Has your loved one been receiving home care services under any of the New Jersey Medicaid Home and Community-based programs such as Global Options? The State’s Comprehensive Medicaid Waiver replaced that program with MLTSS – Medicaid Long Term Services and Supports — and each recipient is assigned to a Managed Care Organization (MCO) which performs a care plan assessment and determines the amount of hours of services to be provided to the Medicaid participant. There is an individual capitation rate assigned for each participant, which is a dollar cost for services. To read the State’s Fact Sheet, published by DMAHS (Division of Medical Assistance and Health Services), look at Consumer_FAQs
Cases are beginning to appear in which the amount of hours is being reduced without there being any actual decrease in the participant’s level of medical need. This raises many legal issues which might even be constitutional in nature, and you should promptly consult with an elder law attorney.

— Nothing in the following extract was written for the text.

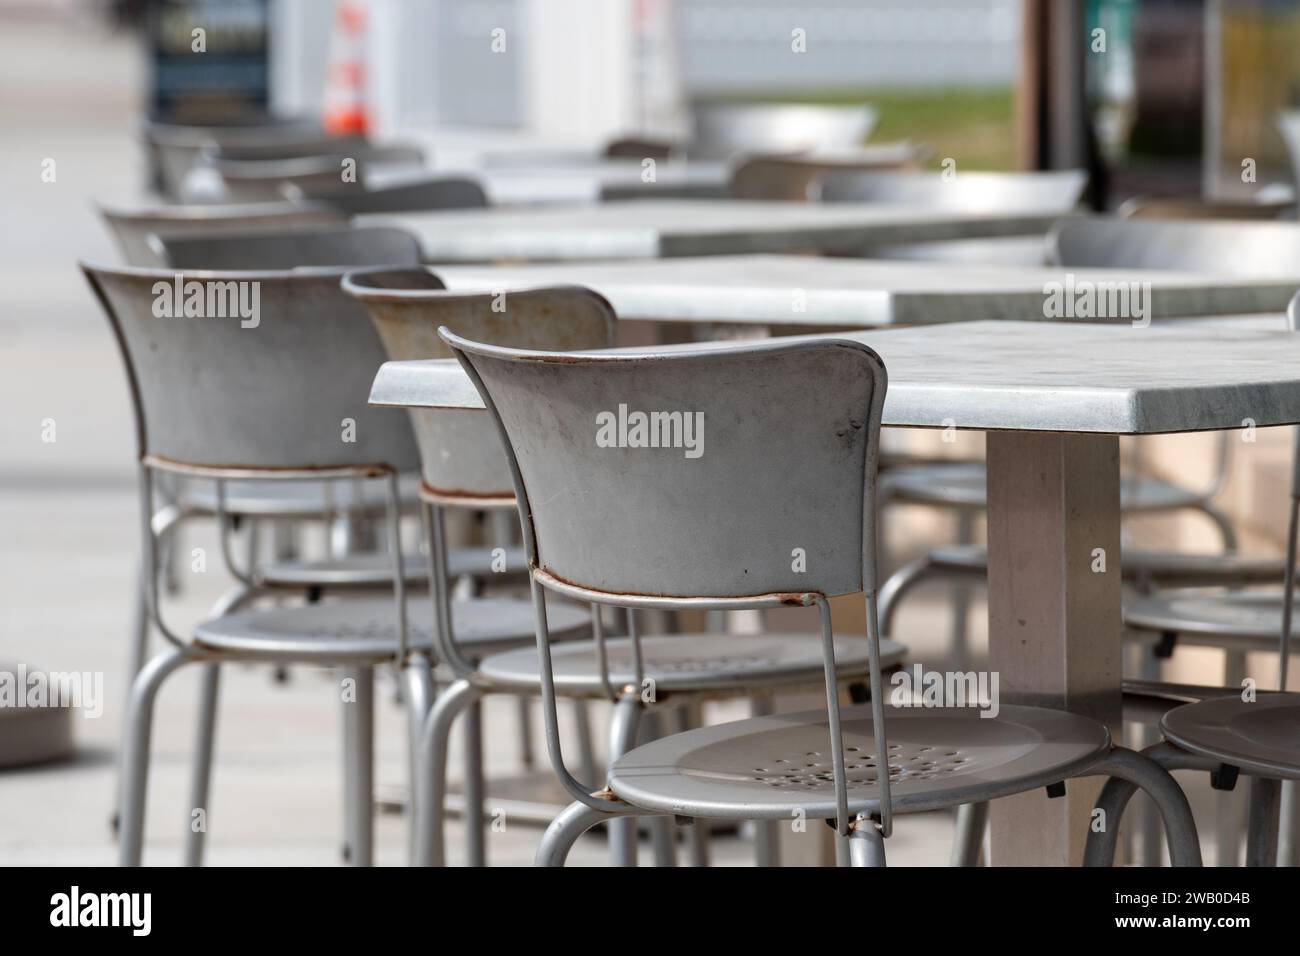 A row of multiple empty grey metal square tables and chairs outside on the sidewalk of a cafe or bakery. The chairs have round backs and are empty. Th Stock Photo

These adverse decisions can be appealed by filing a Request for Hearing before the Office of Administrative Law. The appeal request must be filed promptly — you have just 20 days from the date the Notice is actually served on the participant. The hearing is an administrative trial – records need to be obtained, evidence and legal briefs would be submitted, and the hearing involves presentation of witnesses who testify about the relevant issues. Subpoenas may have to be issued to the State to obtain evidence. If all of the issues aren’t properly presented, there is a risk of waiving your rights without even realizing it.